**Task directions**
Your answer must be the exact lines from the one with "です 語 可愛い 韓国" to the end of the data, both included, with no pictures.

**Provided material**
'''

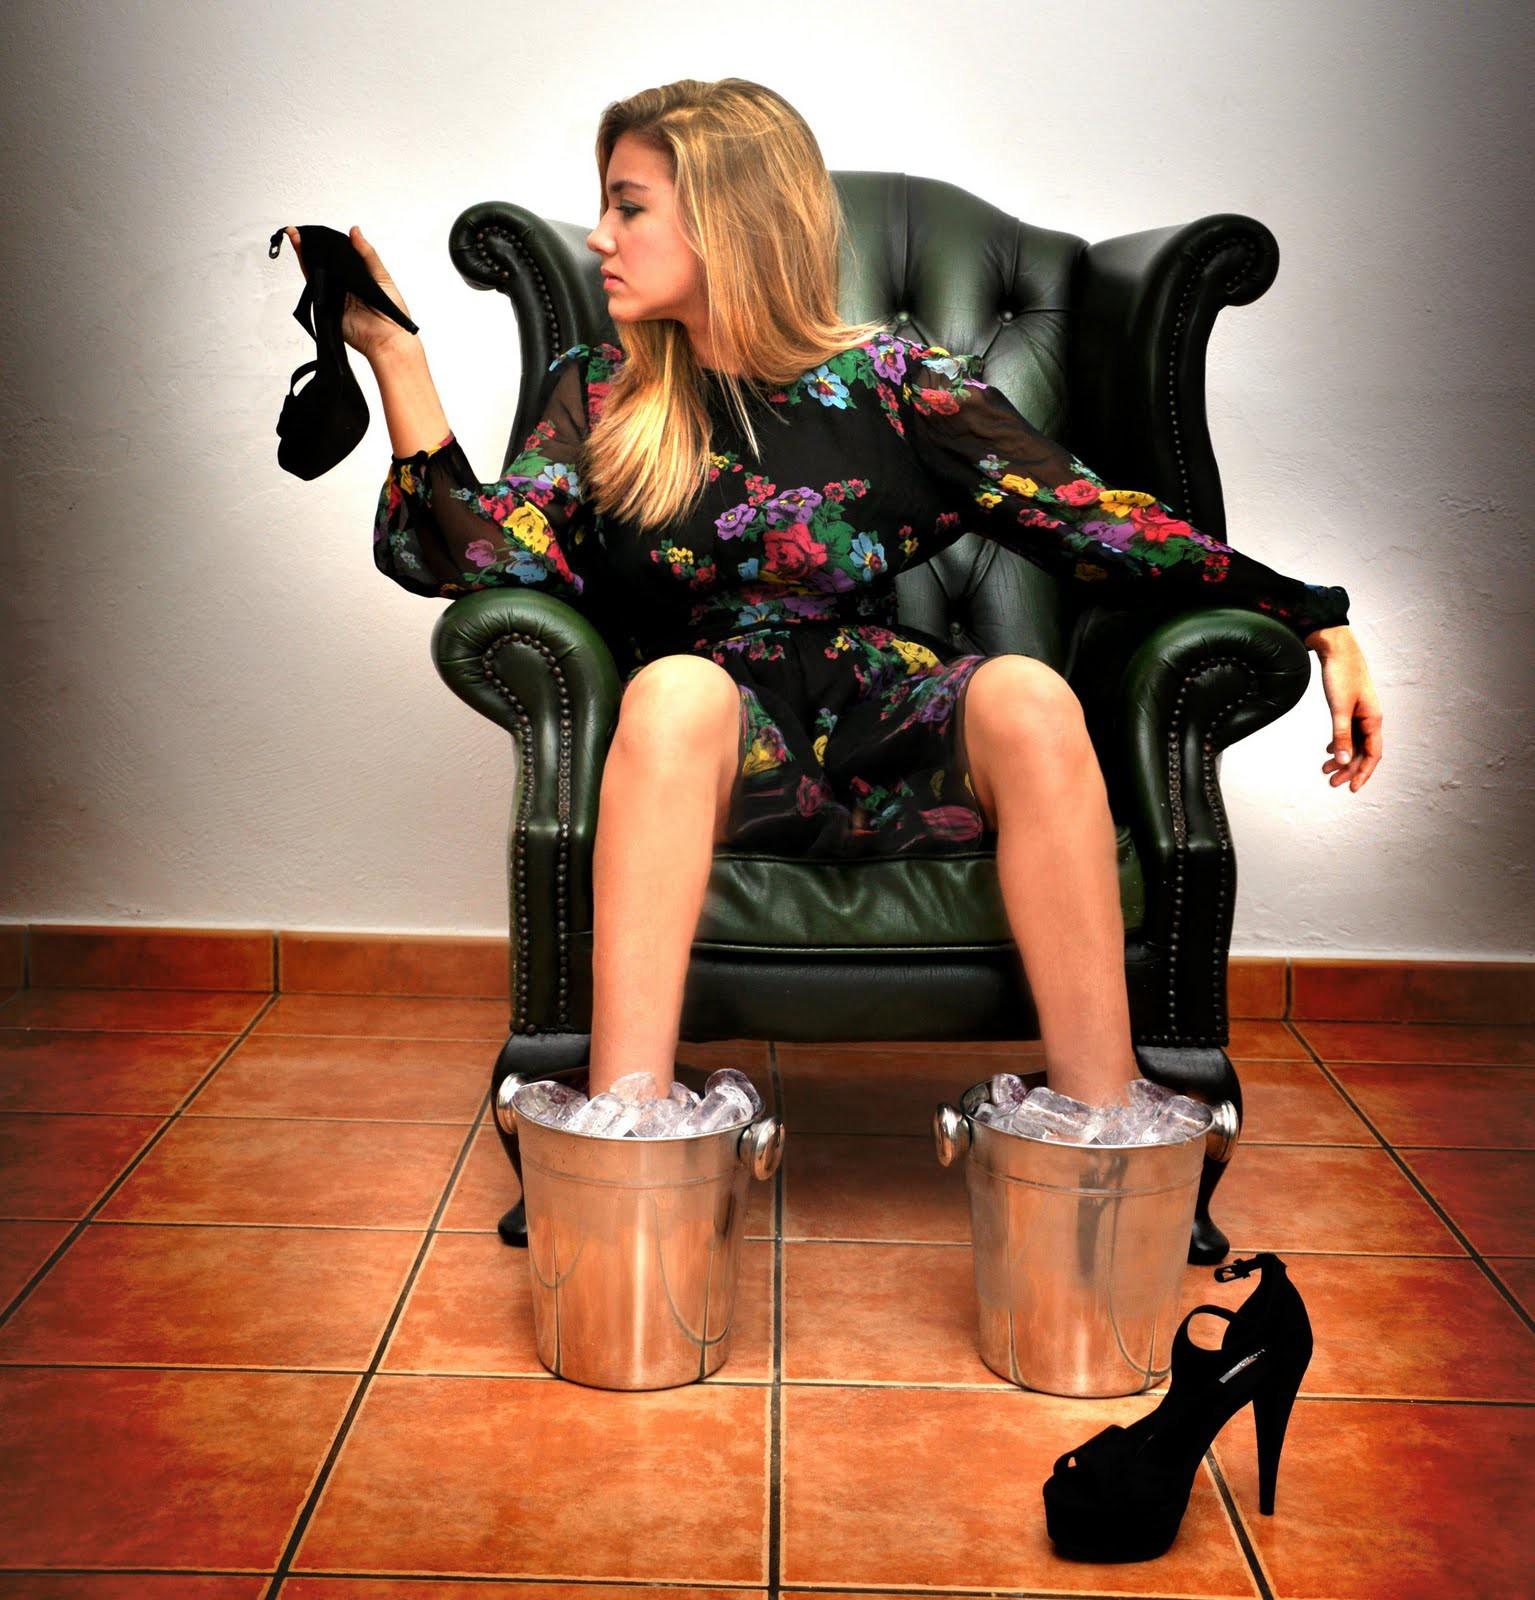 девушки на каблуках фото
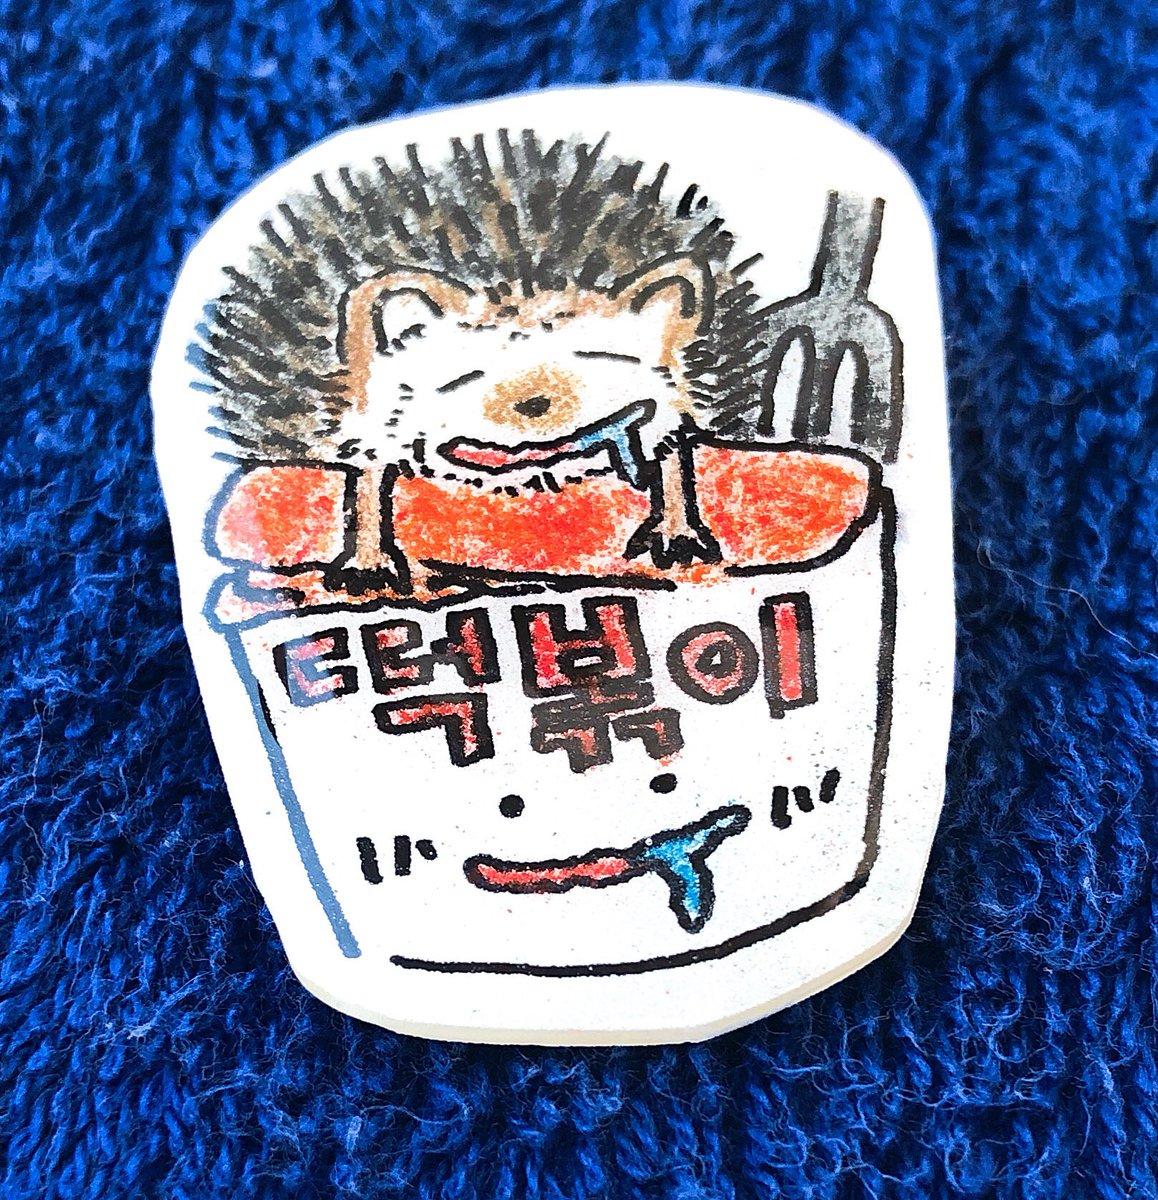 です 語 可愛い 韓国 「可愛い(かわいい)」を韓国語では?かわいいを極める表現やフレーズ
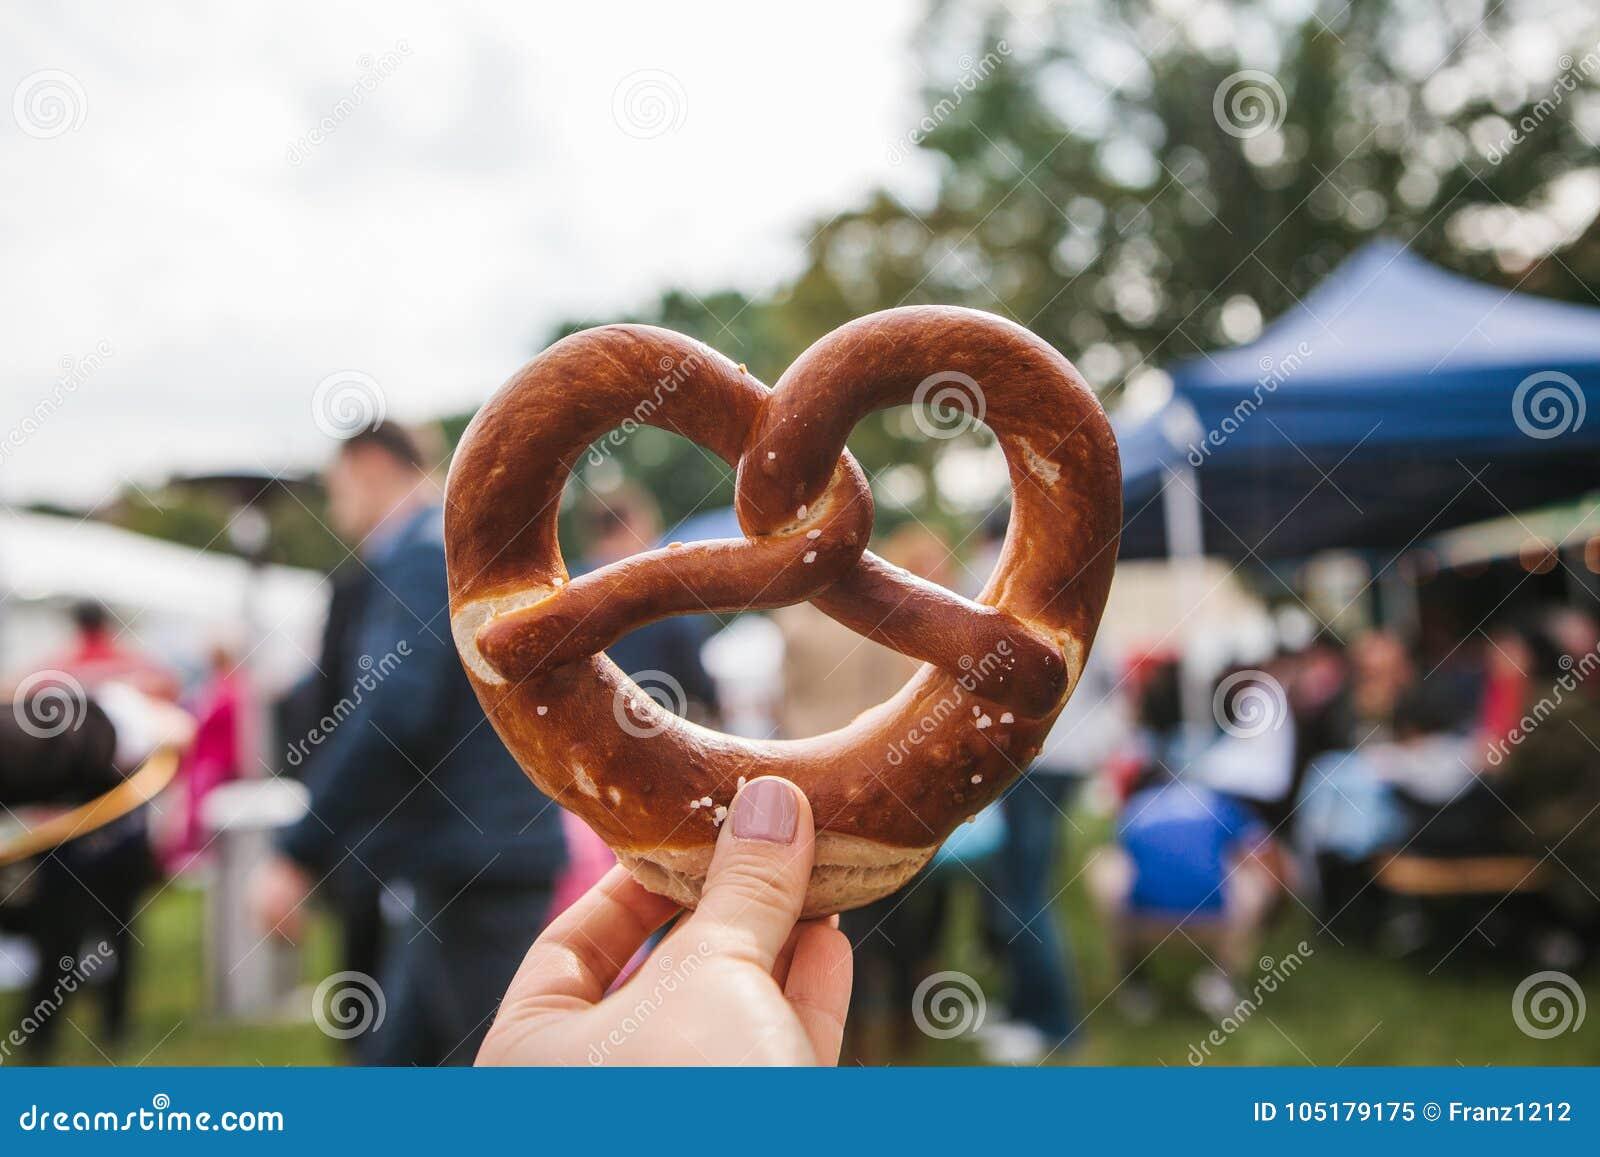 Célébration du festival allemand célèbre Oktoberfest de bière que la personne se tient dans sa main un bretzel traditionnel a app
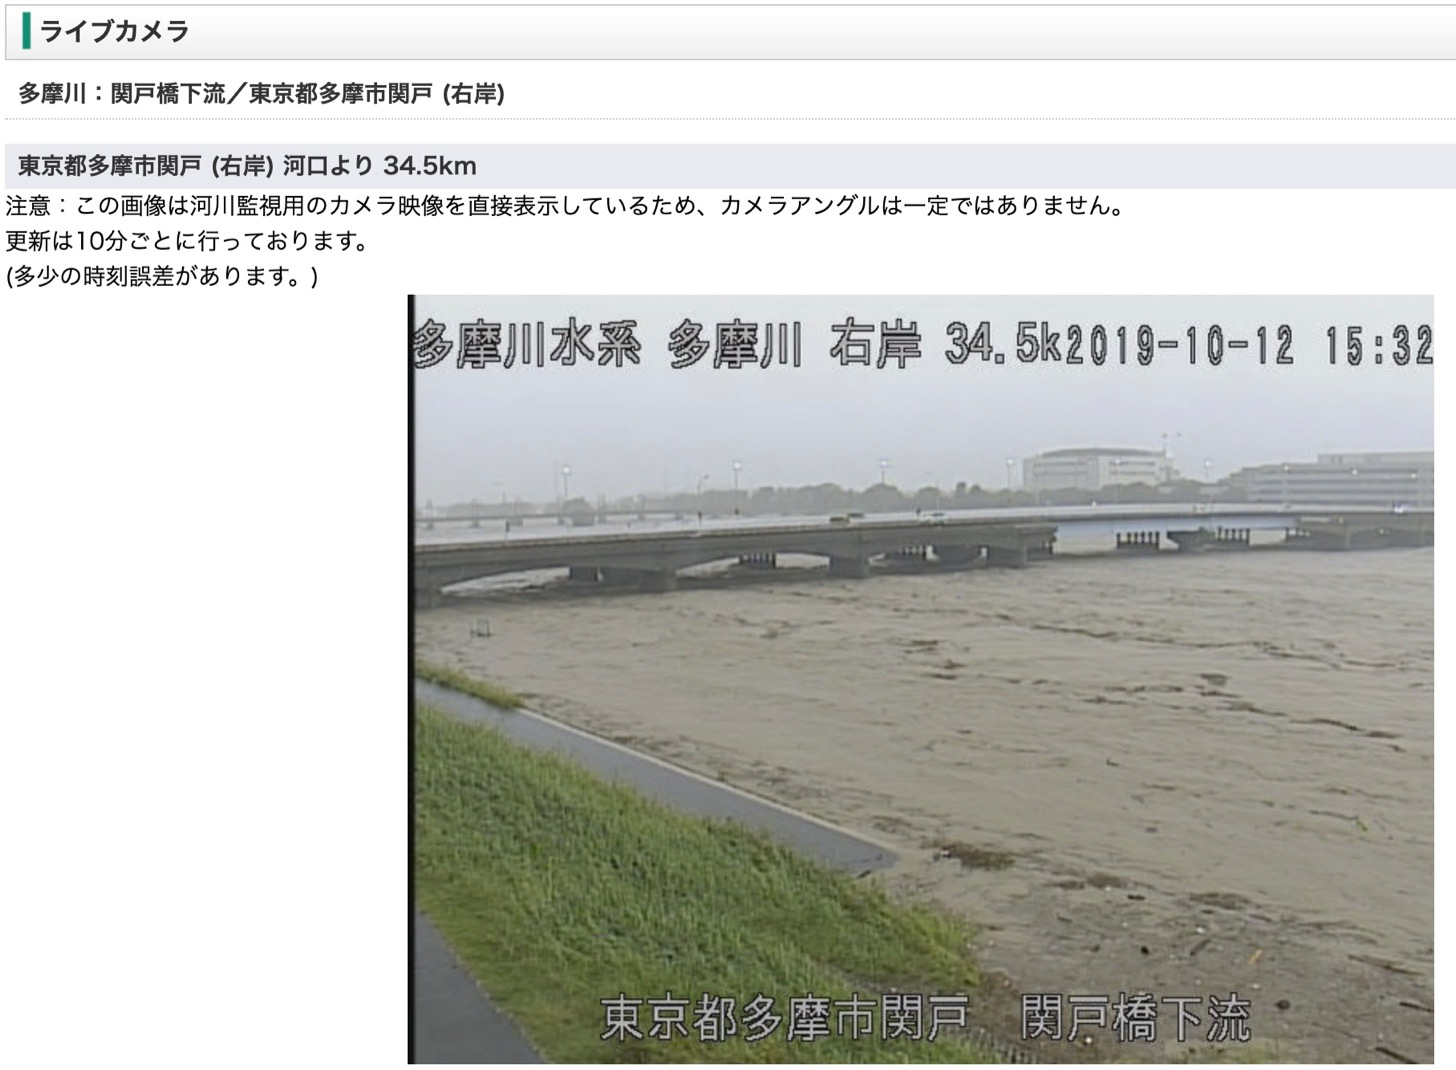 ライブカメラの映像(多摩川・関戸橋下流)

'''

**Written response**
 です 語 可愛い 韓国 「可愛い(かわいい)」を韓国語では?かわいいを極める表現やフレーズ
 Célébration du festival allemand célèbre Oktoberfest de bière que la personne se tient dans sa main un bretzel traditionnel a app
 ライブカメラの映像(多摩川・関戸橋下流)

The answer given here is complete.